• EXERCISE BRIEF:
Word for word, copy the line that contains "make new things" and each line after it in the data below. Pictures stay out of the copy.

• SOURCE MATERIAL:
# # #

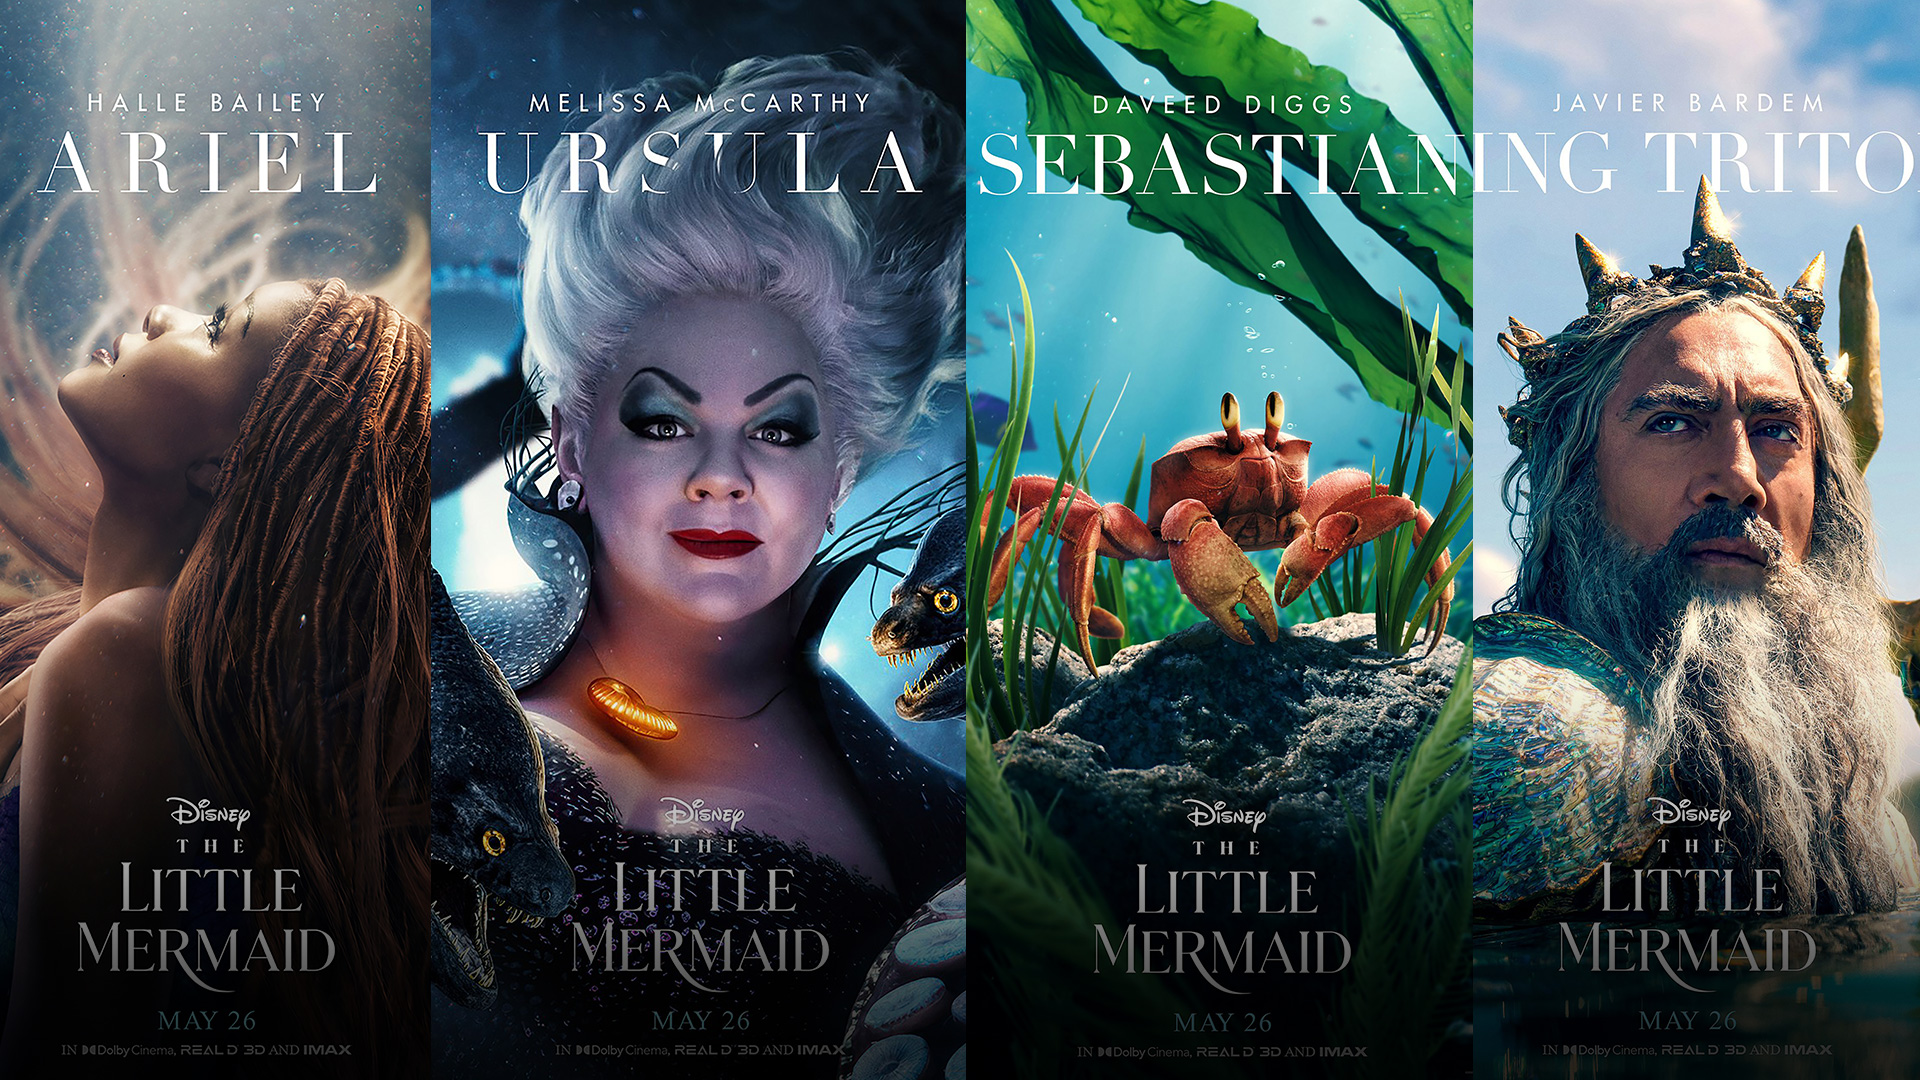 Stunning new characters posters for THE LITTLE MERMAID are out of this world!
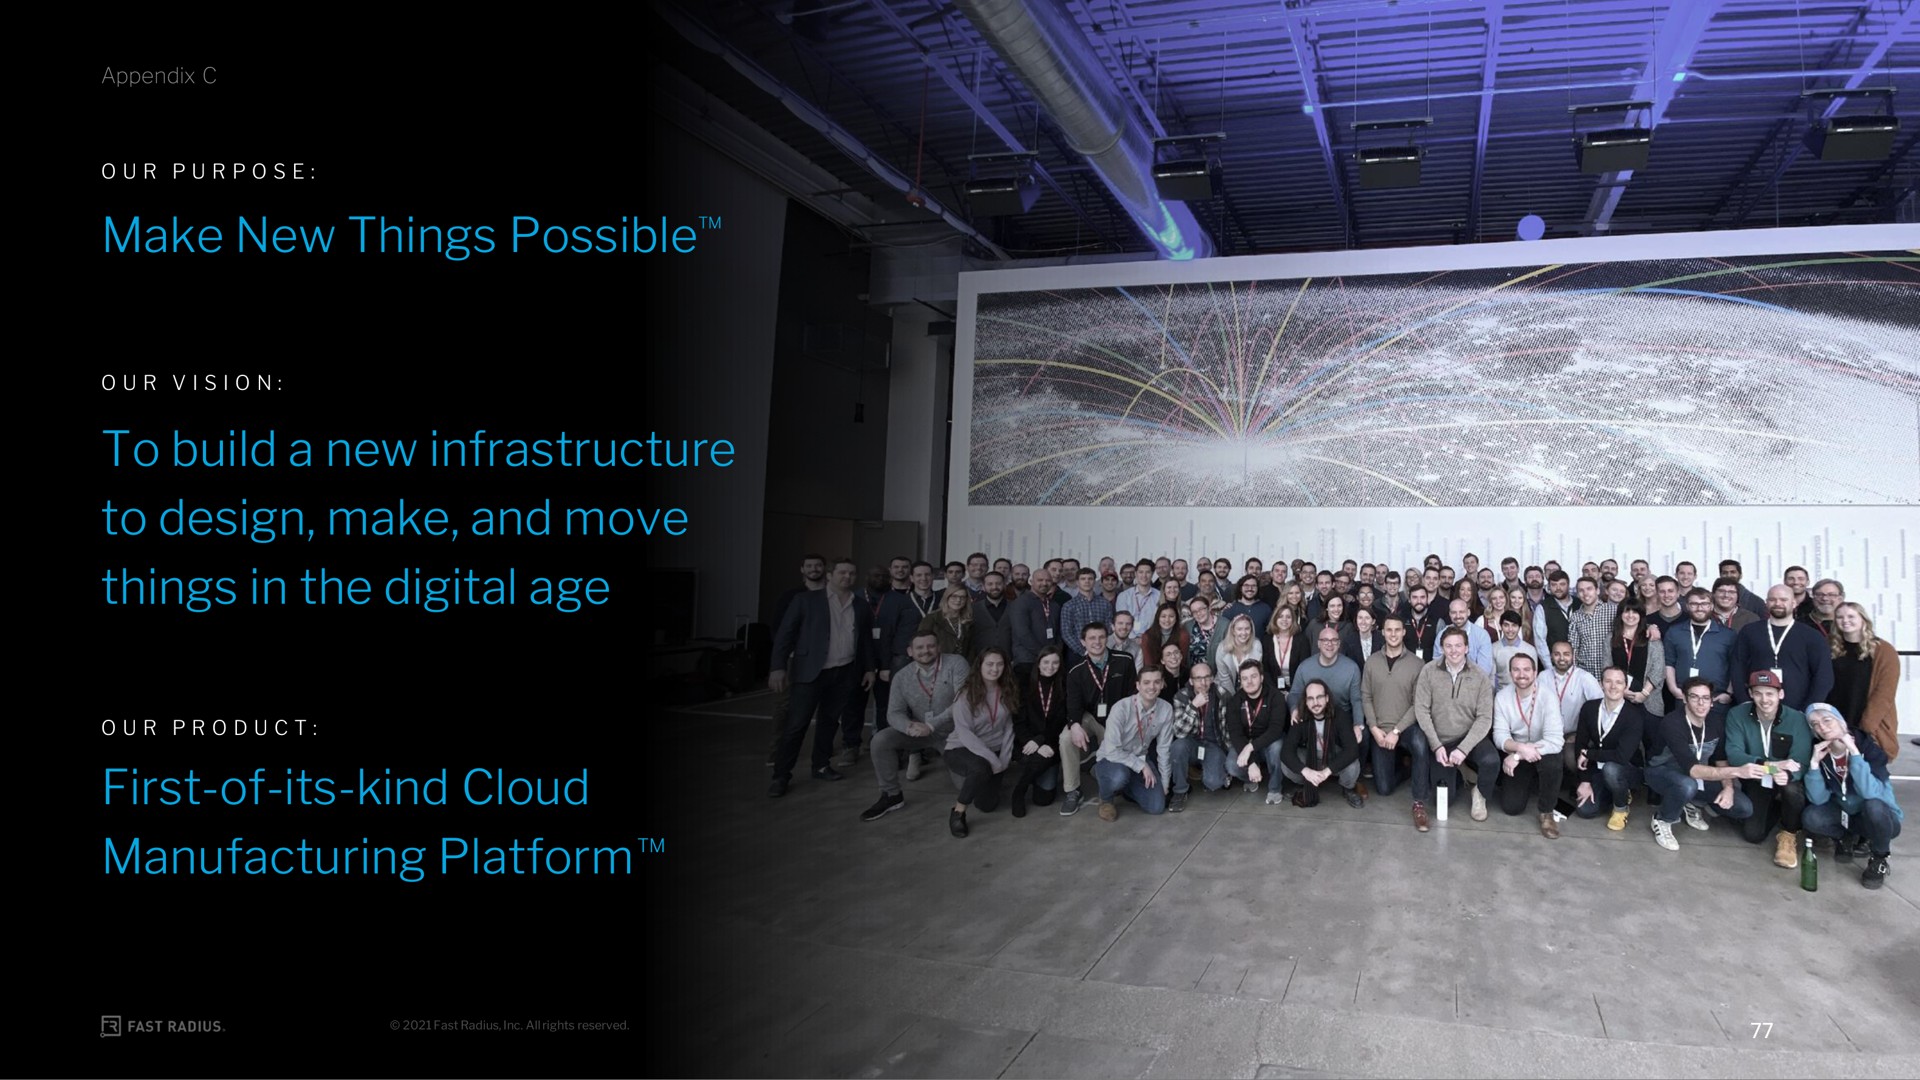 make new things to build a new infrastructure to design make and move things in the digital age first of its kind cloud manufacturing platform possible | Fast Radius
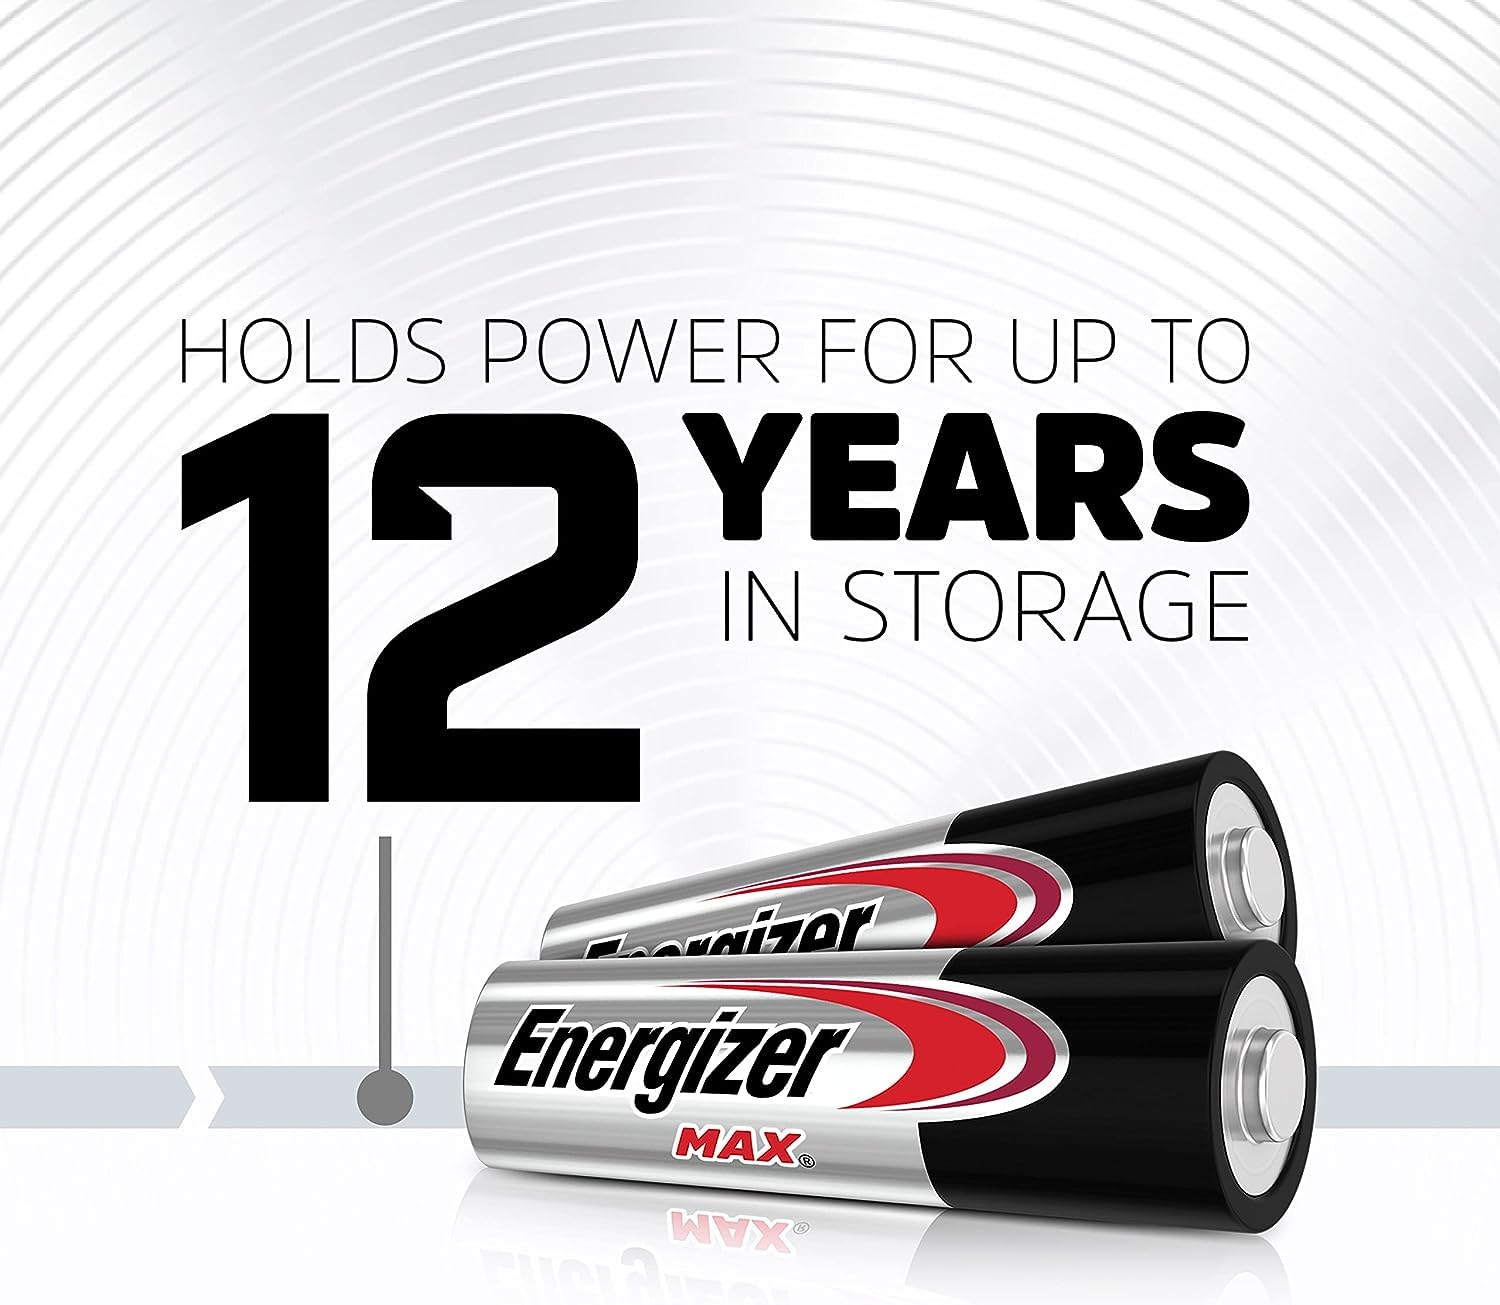 Energizer AA Alkaline Batteries, Max, Long Lasting Double A Batteries Deliver Dependable Power for Everyday use & Emergency situations, Trust in The Brand for Reliable Power and Performance!

# # #

• WORKED SOLUTION:
 make new things to build a new infrastructure to design make and move things in the digital age first of its kind cloud manufacturing platform possible | Fast Radius
 Energizer AA Alkaline Batteries, Max, Long Lasting Double A Batteries Deliver Dependable Power for Everyday use & Emergency situations, Trust in The Brand for Reliable Power and Performance!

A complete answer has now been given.